Looking at getting a [h=1]Outdoor SKY*RAY L1 5xCREE XM-L T6 4500Lumens Flashlight LED Torch[/h]
but the application would be..unusual. I'm looking to make LED spots for my bike. I want to see if possibly I can run (without a driver) it of 14.5 - 14.8V DC. That is the range for the electrical system of the bike. When the battery is not what is should be range can be between 13-14V. 

This light has 5 X Cree T6 LED emitters, and if I look at the index page for emitters (http://www.lumensreview.com/emitter_index/emitter index.htm)

Then 5 X T6 max voltage (3.337V) = 16.69V... I know the voltage fluctuation for this torch varies from website to website, but...looking at the max voltage per T6 emitter, the aforementioned would be correct, no?

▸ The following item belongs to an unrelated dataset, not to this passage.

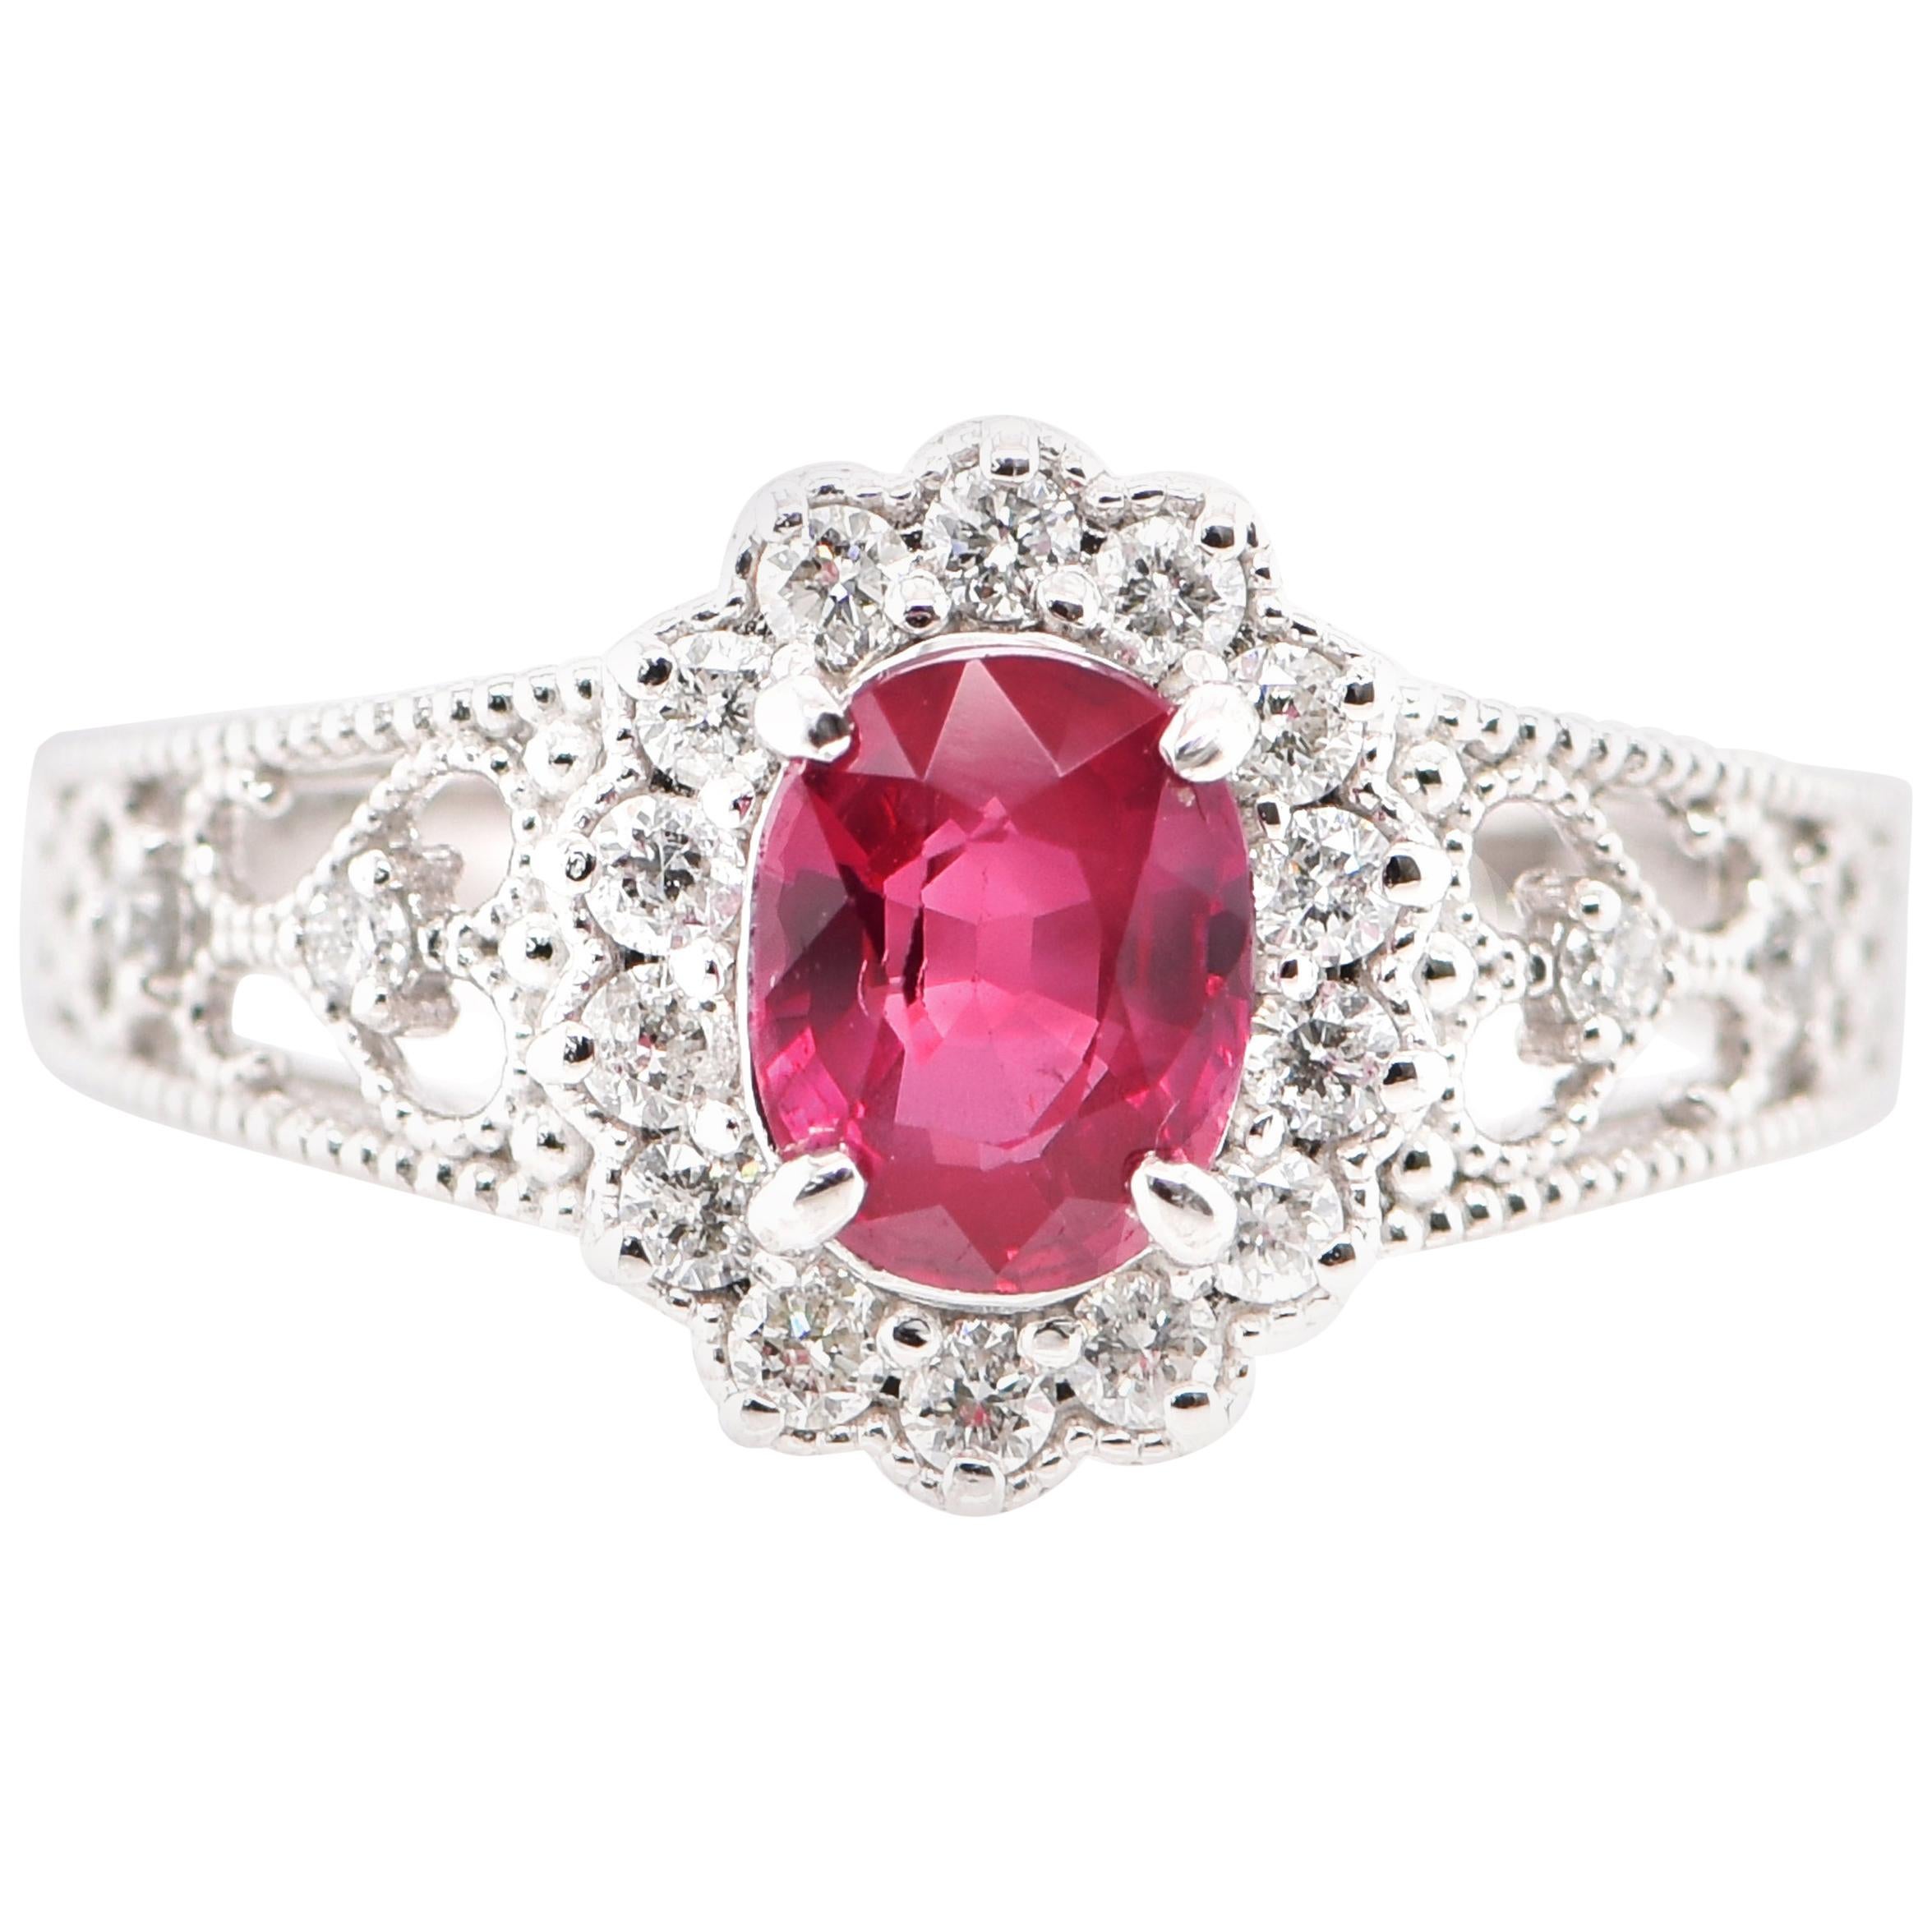 1.108 Carat Natural Untreated 'No Heat' Ruby and Diamond Ring Set in Platinum

If that's the case - will I be able to run it off my Bike's electrical system with NO DRIVER? Would the LED's be negatively affected by a fluctuating voltage and current? It seems the bike would not be able to give more than it can take, right? (it's got a 150W alternator but has DC due to diode). I'm super keen to fit this flashlight, modify it (making it much shorter) and simply connecting to the battery...question is, will it work, and would the LED's be fine with the bike's electrical system supply?

Cheers


----------



## HotWire

The voltage fluctuation you are seeing is normal. The alternator regulator detects what is needed to run the engine and to charge the battery. The voltage should be about 12.6v with the engine off, and up to 14.5v (or so) with the engine running.


----------



## 127.0.0.1

HotWire said:


> The voltage fluctuation you are seeing is normal. The alternator regulator detects what is needed to run the engine and to charge the battery. The voltage should be about 12.6v with the engine off, and up to 14.5v (or so) with the engine running.



this. 

these stated ranges are exactly what my vehicles show at various times during operation. completely normal and anything
designed for 12v auto current should be OK on the usual 14.1-14.5 that occurs 
most if not all '12v' electronics can handle a little lower or a little higher than 12v


----------



## nocte-diem

Electric/electronic components with critical Voltage requirements will usually contain a Voltage regulator that supplies stable output.


----------



## Alaric Darconville

MBLED said:


> I'm looking to make LED spots for my bike. I want to see if possibly I can run (without a driver) it of 14.5 - 14.8V DC. That is the range for the electrical system of the bike. When the battery is not what is should be range can be between 13-14V.


By "bike" do you mean a bicycle, or do you mean a motorcycle? You speak of an "electrical system" which seems to indicate a motorcycle.


----------



## Light Bringer

Automotive electronics must be able to function from as little as 9V or less (during starting) to 15V (charging via an alternator), and be able to withstand at least 40V transients ("load dump" from the alternator when turning off the engine).

The range you gave is perfectly normal.


----------



## Lynx_Arc

Somehow I don't think someone with only 2 or 6 posts back in 2012 will be reading a reply to his post made over 4 years later.....


----------



## Alaric Darconville

The OP has abandoned this thread, and potentially the entire board.


----------